DATA EXTRACT |
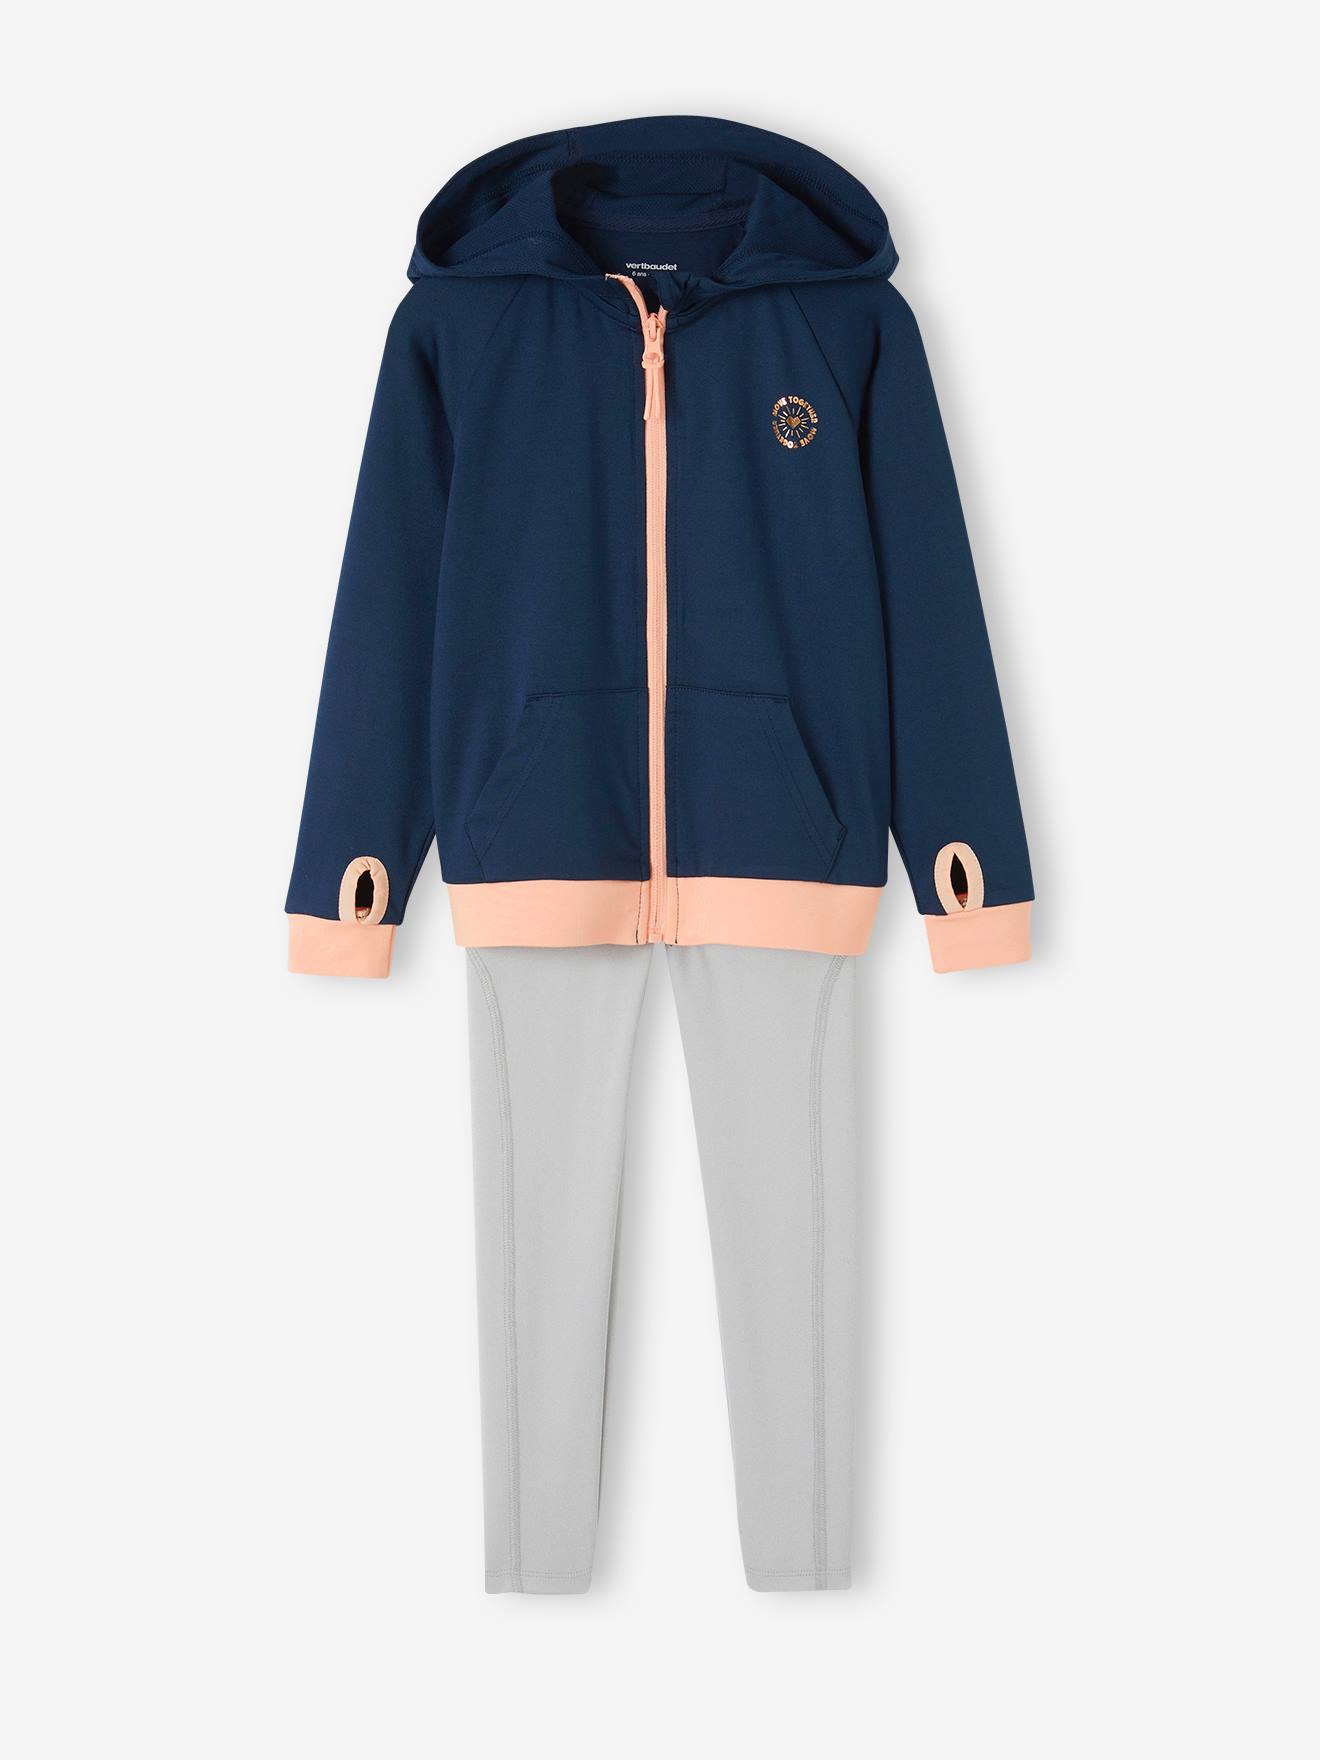 Sports Combo, Zipped Jacket & Leggings in Techno Fabric, for Girls navy blue
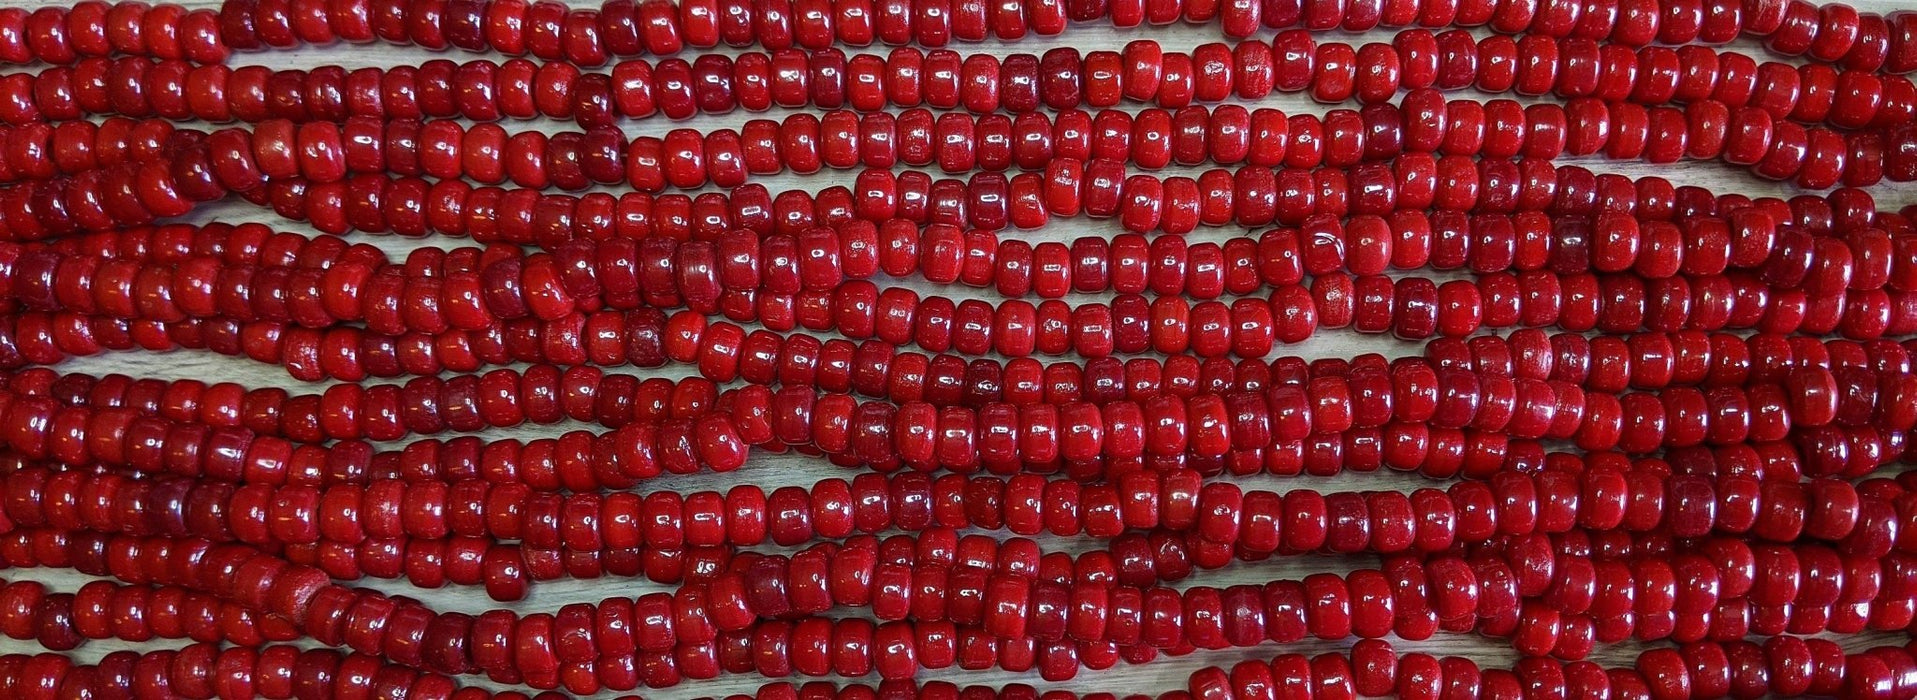 Opaque Red Luster - Size 9x6mm (3mm hole) Recycled Glass Crow Beads - 24 Inch Strand (ICB17) - Beads and Babble
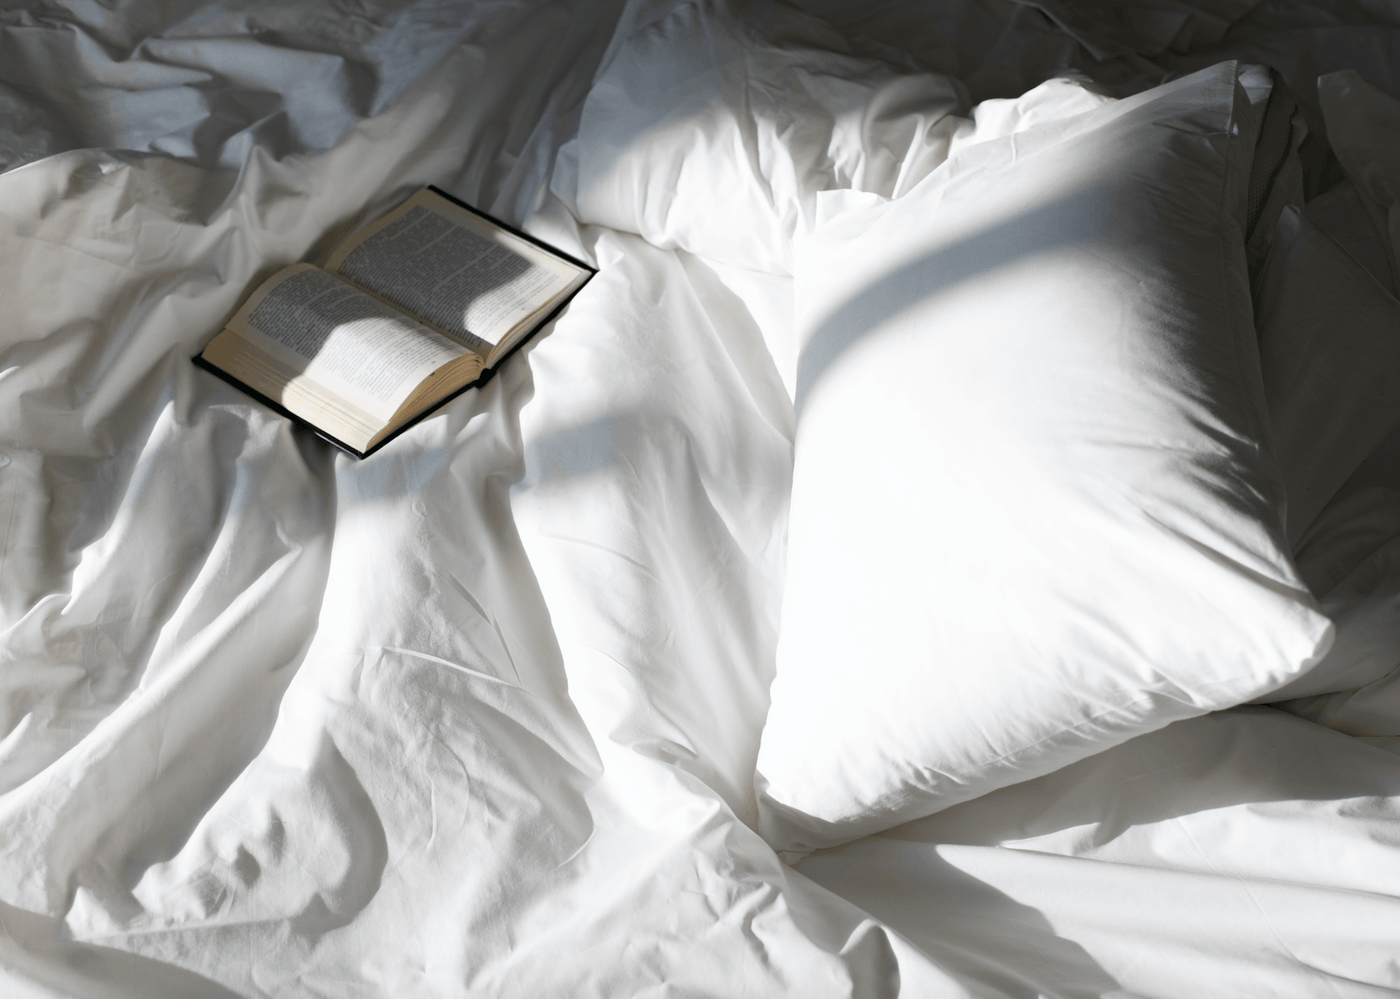 Bed sheet and book - tips for Blemish Free Skin
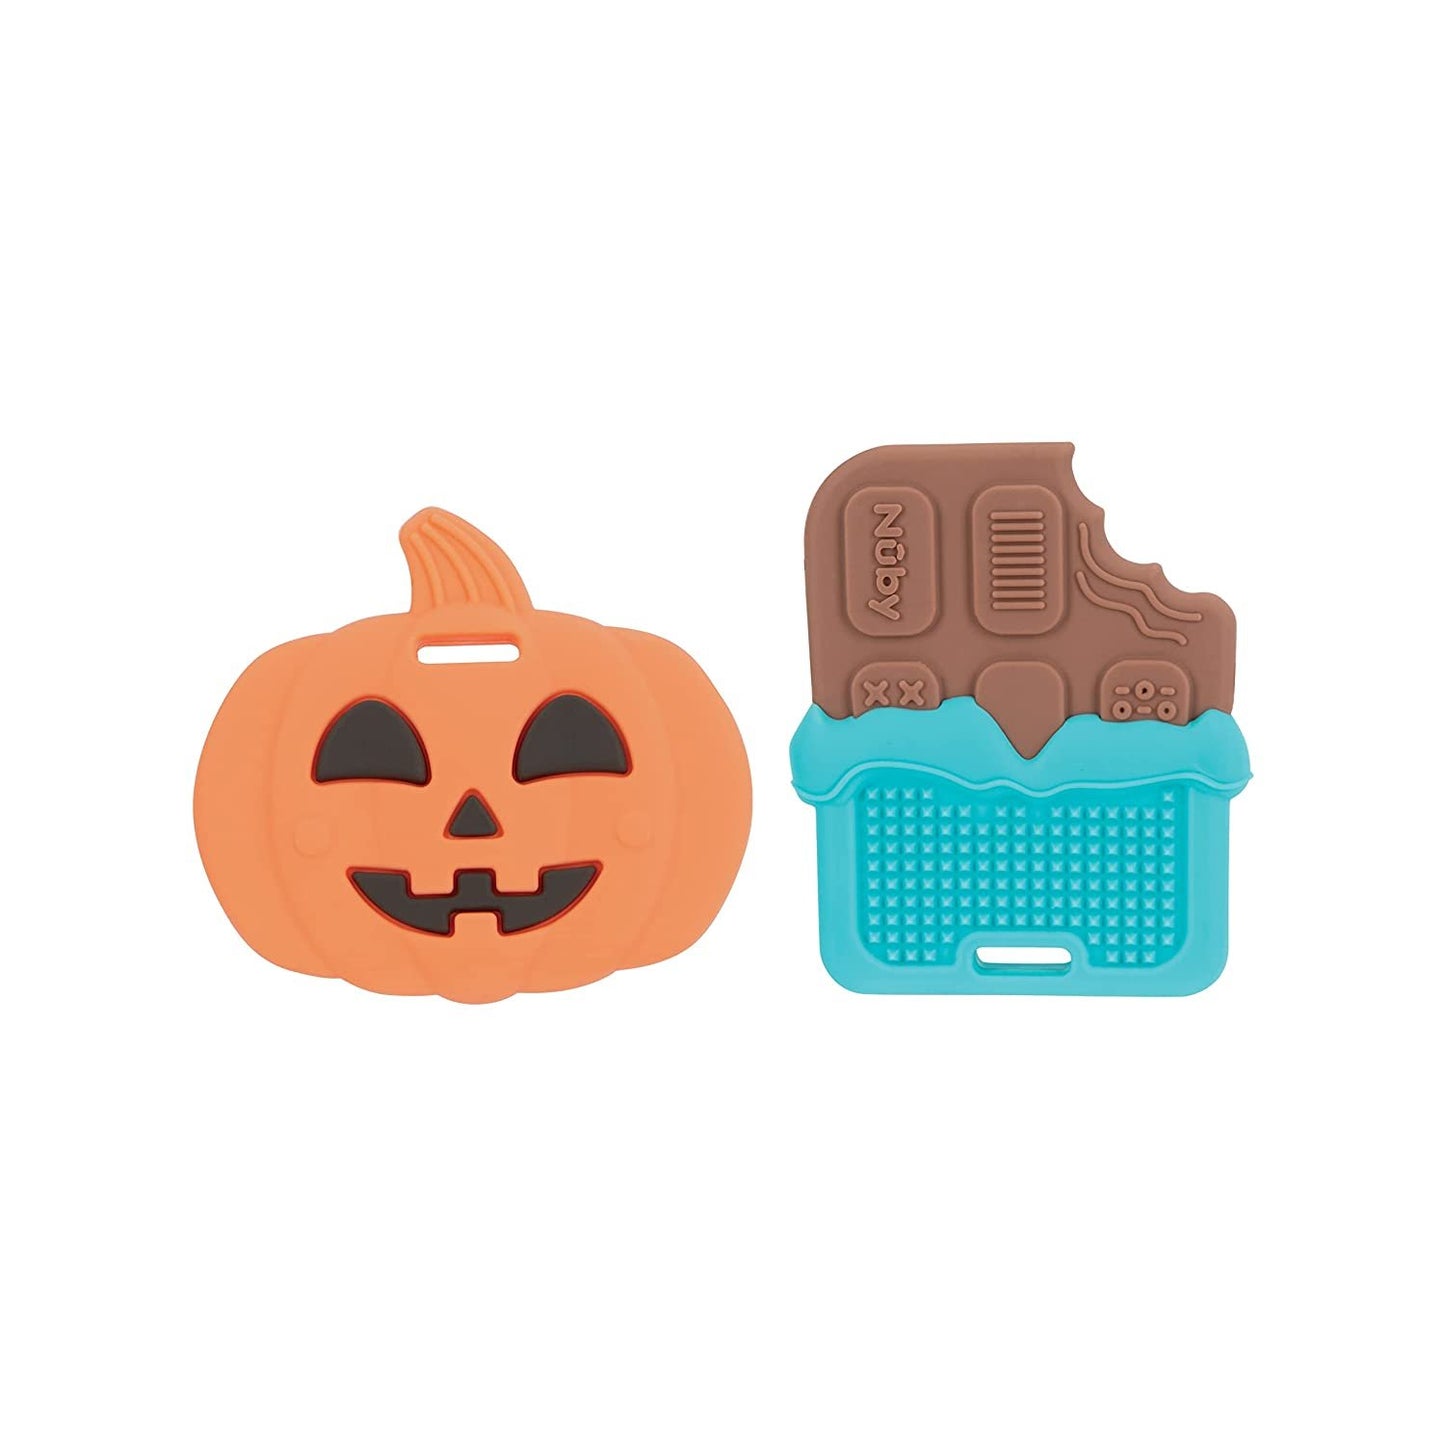 Nuby All Silicone Pumpkin & Chocolate Bar Teether – 2 Pack, 3+ Months

TASK DESCRIPTION |
Only exact copies are wanted here. Write out the lines from the one containing "Bed sheet and" through the end of the material and no others, omitting all pictures.

RESPONSE BELOW |
 Bed sheet and book - tips for Blemish Free Skin
 Nuby All Silicone Pumpkin & Chocolate Bar Teether – 2 Pack, 3+ Months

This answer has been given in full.